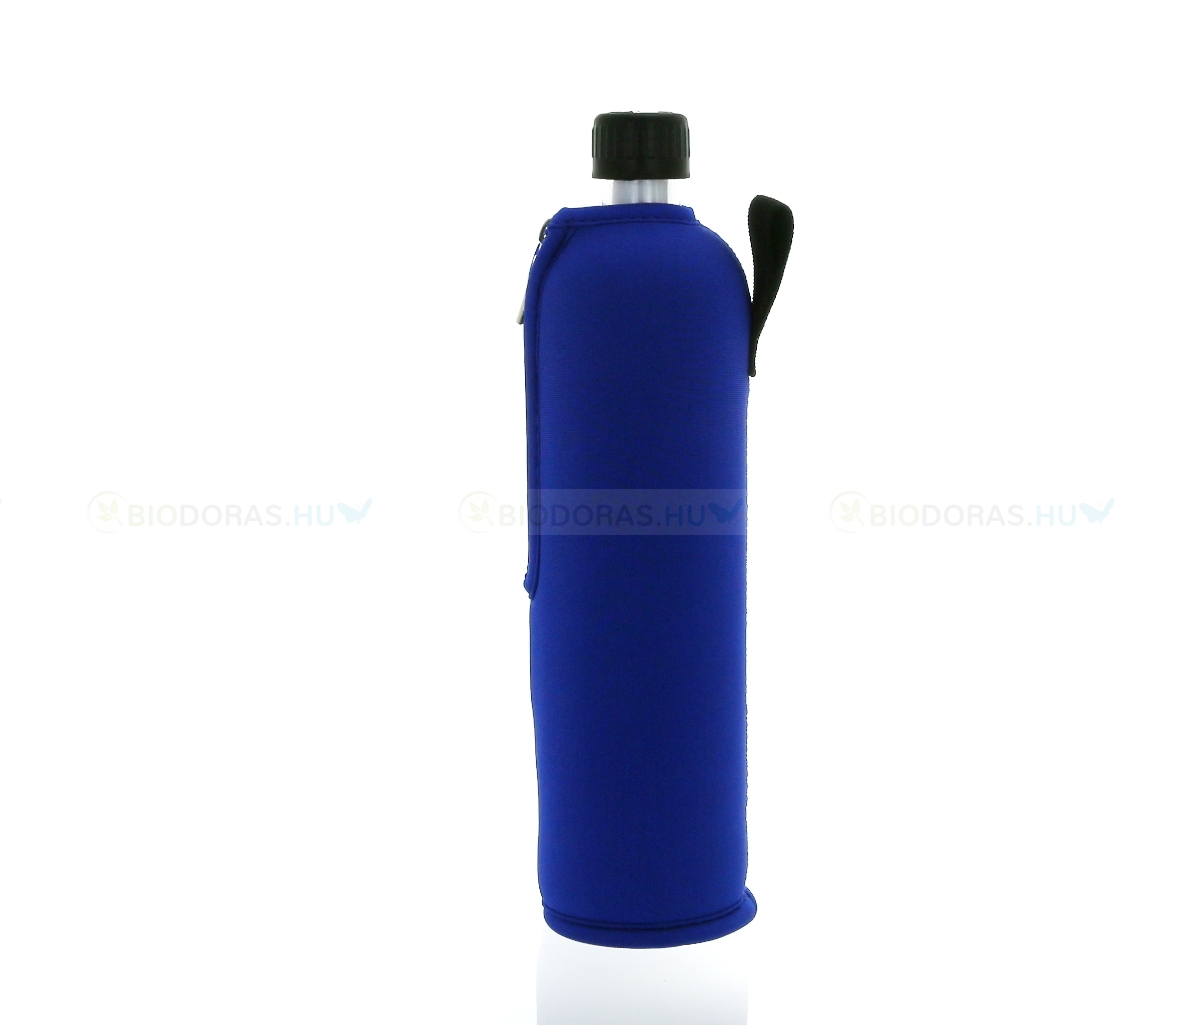 DORAS Üvegkulacs (üvegpalack) sötétkék színű neoprén huzattal - 500 ml
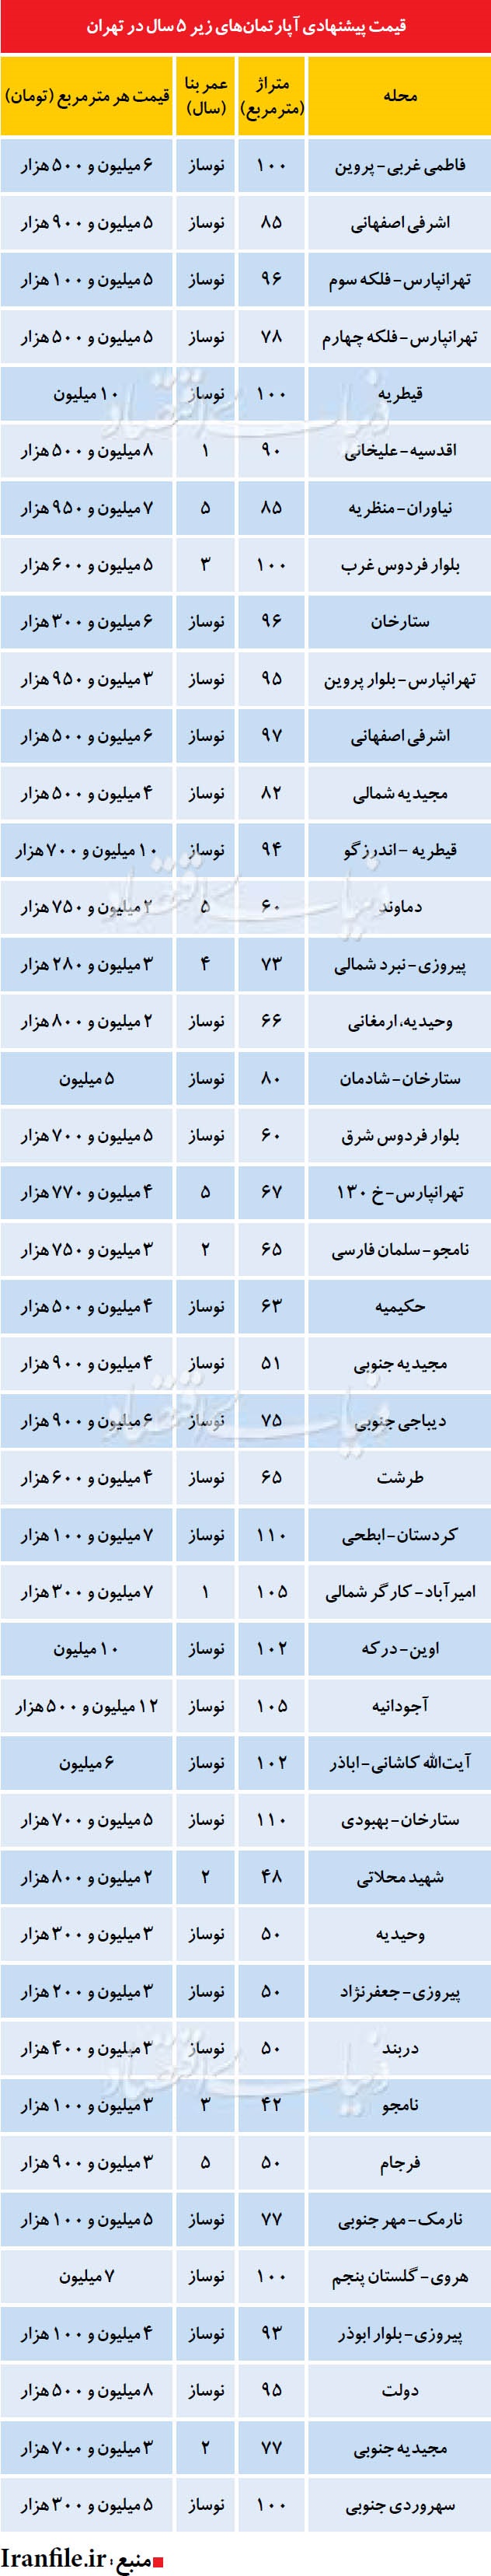 قیمت آپارتمان های زیر 5سال در تهران (جدول)
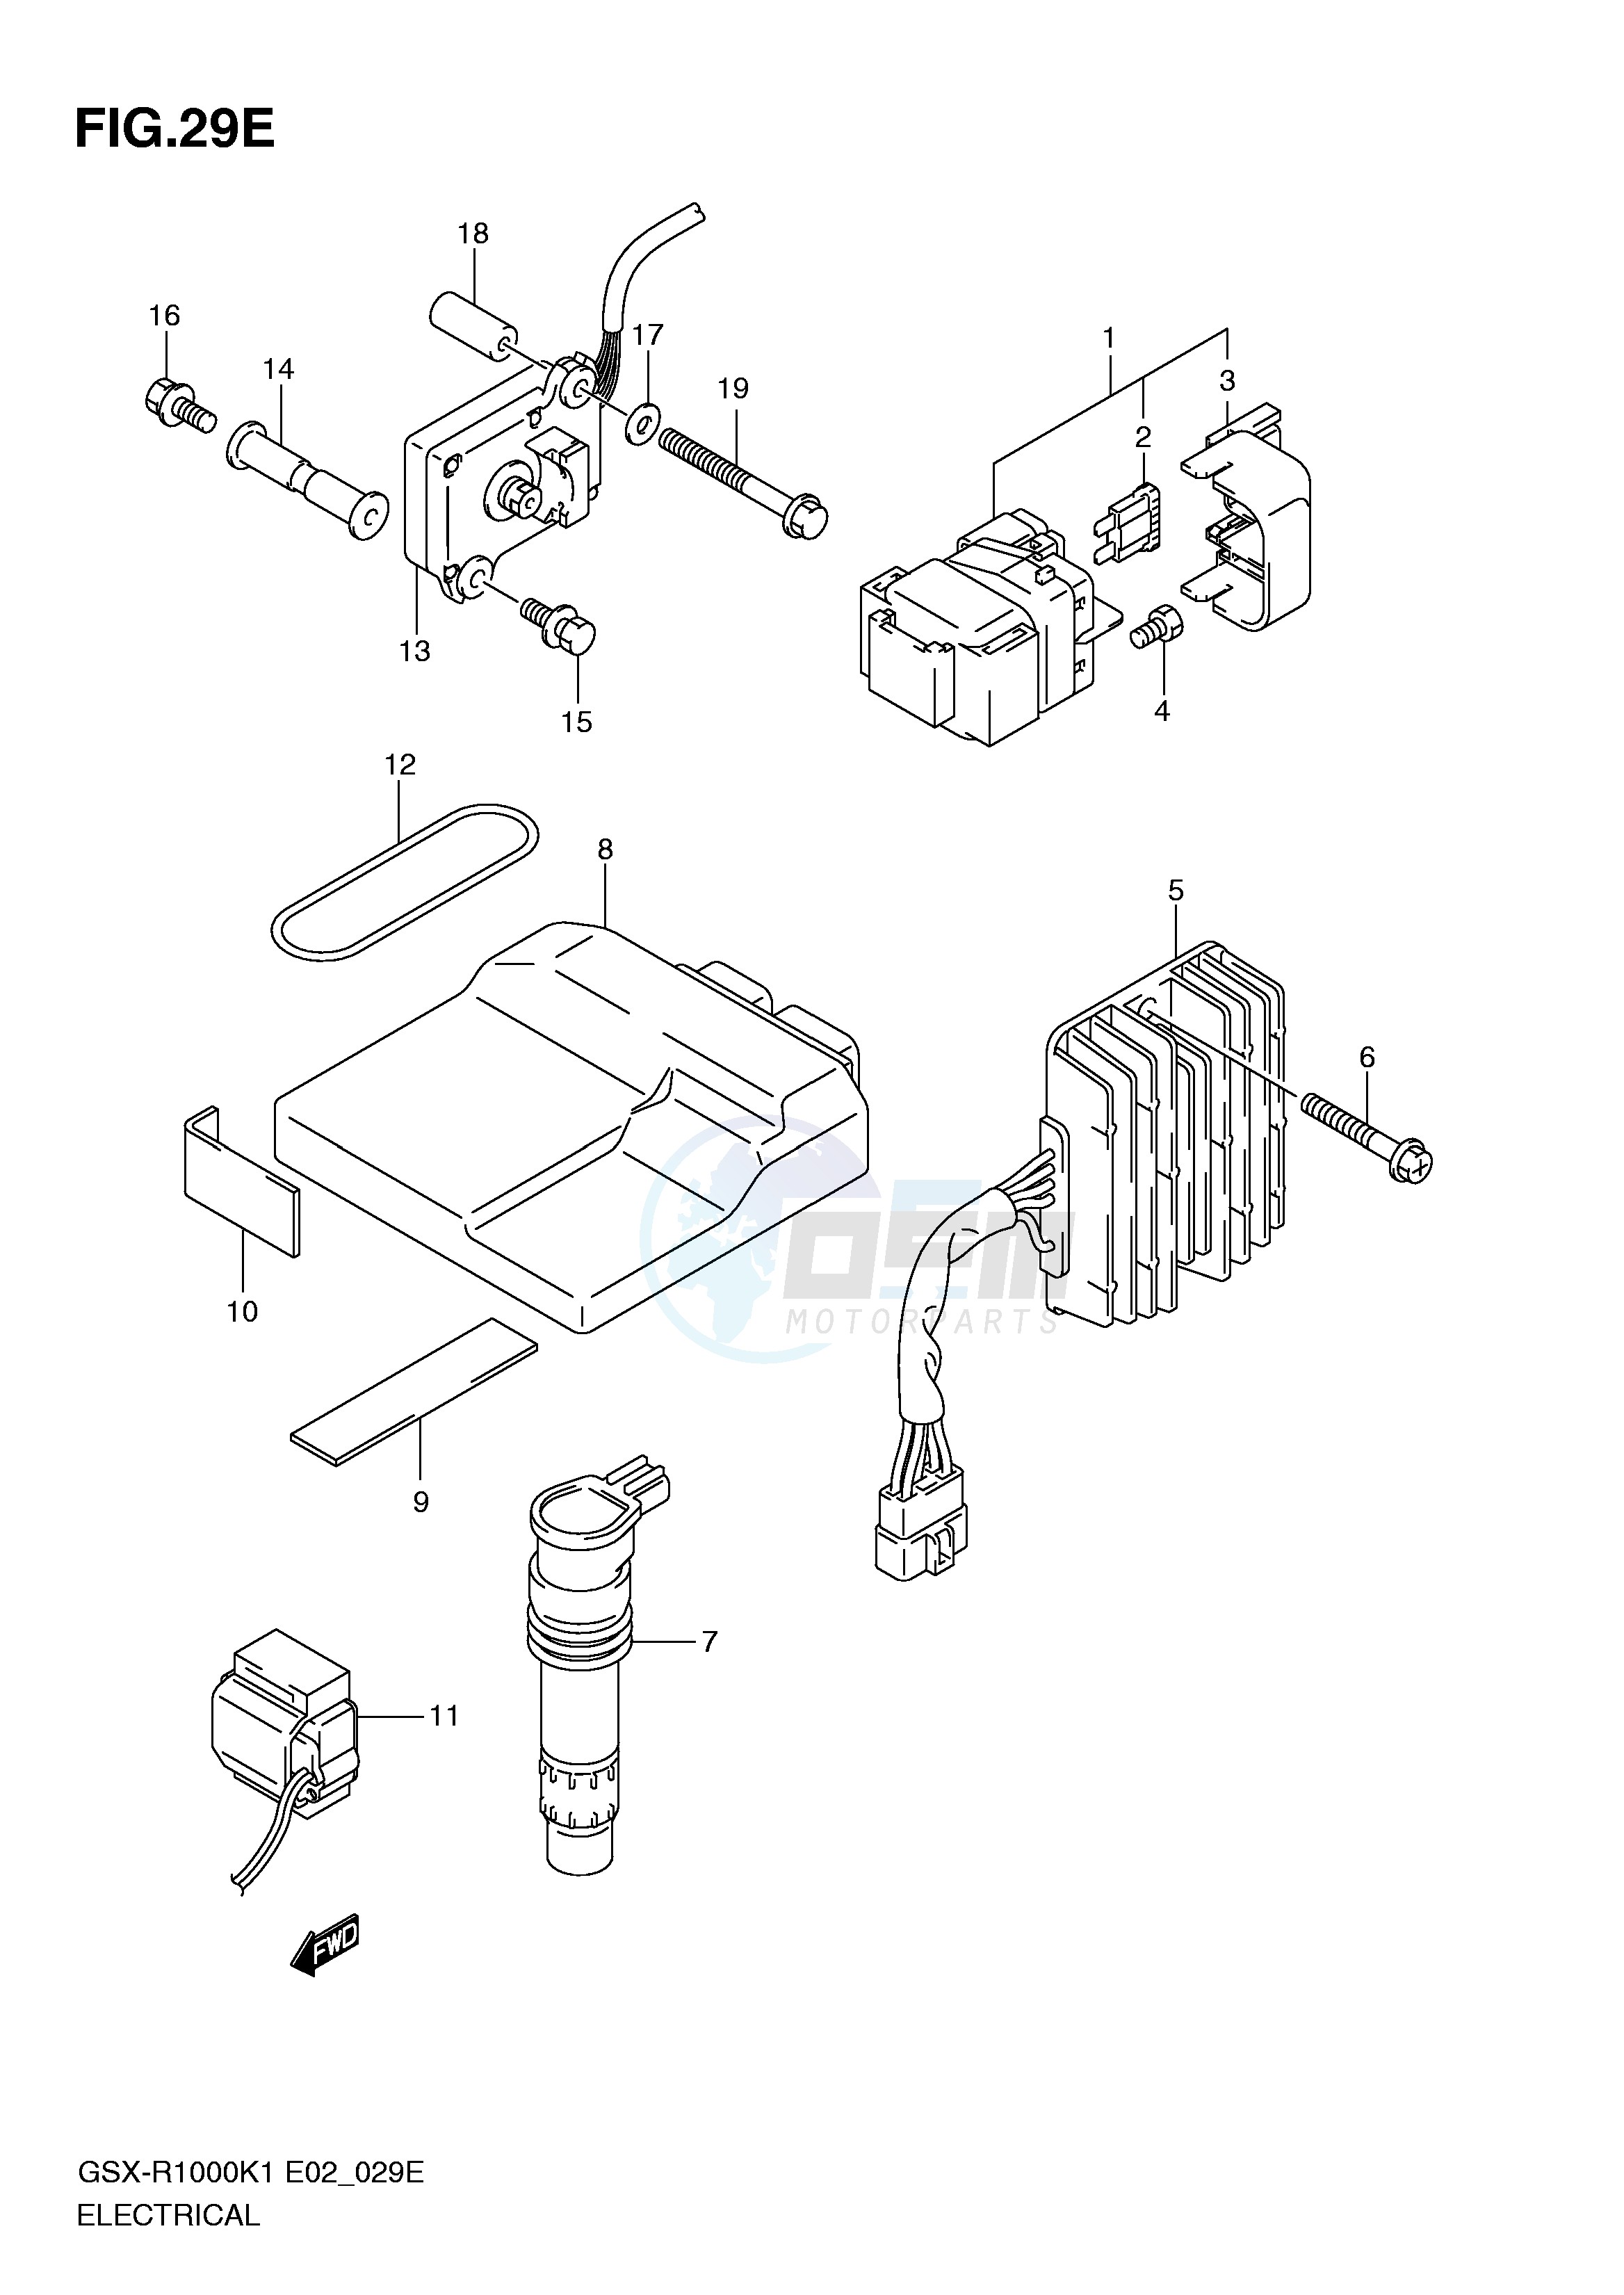 ELECTRICAL (GSX-R1000K2 E19,U1E19,U2E19) blueprint
○ ○ ○ ○ ○
▸ YOUR TASK:
Pictures must not appear in the copy, which must otherwise match the listing exactly.

▸ WRITTEN REPLY:
 DORAS Üvegkulacs (üvegpalack) sötétkék színű neoprén huzattal - 500 ml
 قیمت آپارتمان های زیر 5سال در تهران (جدول)
 ELECTRICAL (GSX-R1000K2 E19,U1E19,U2E19) blueprint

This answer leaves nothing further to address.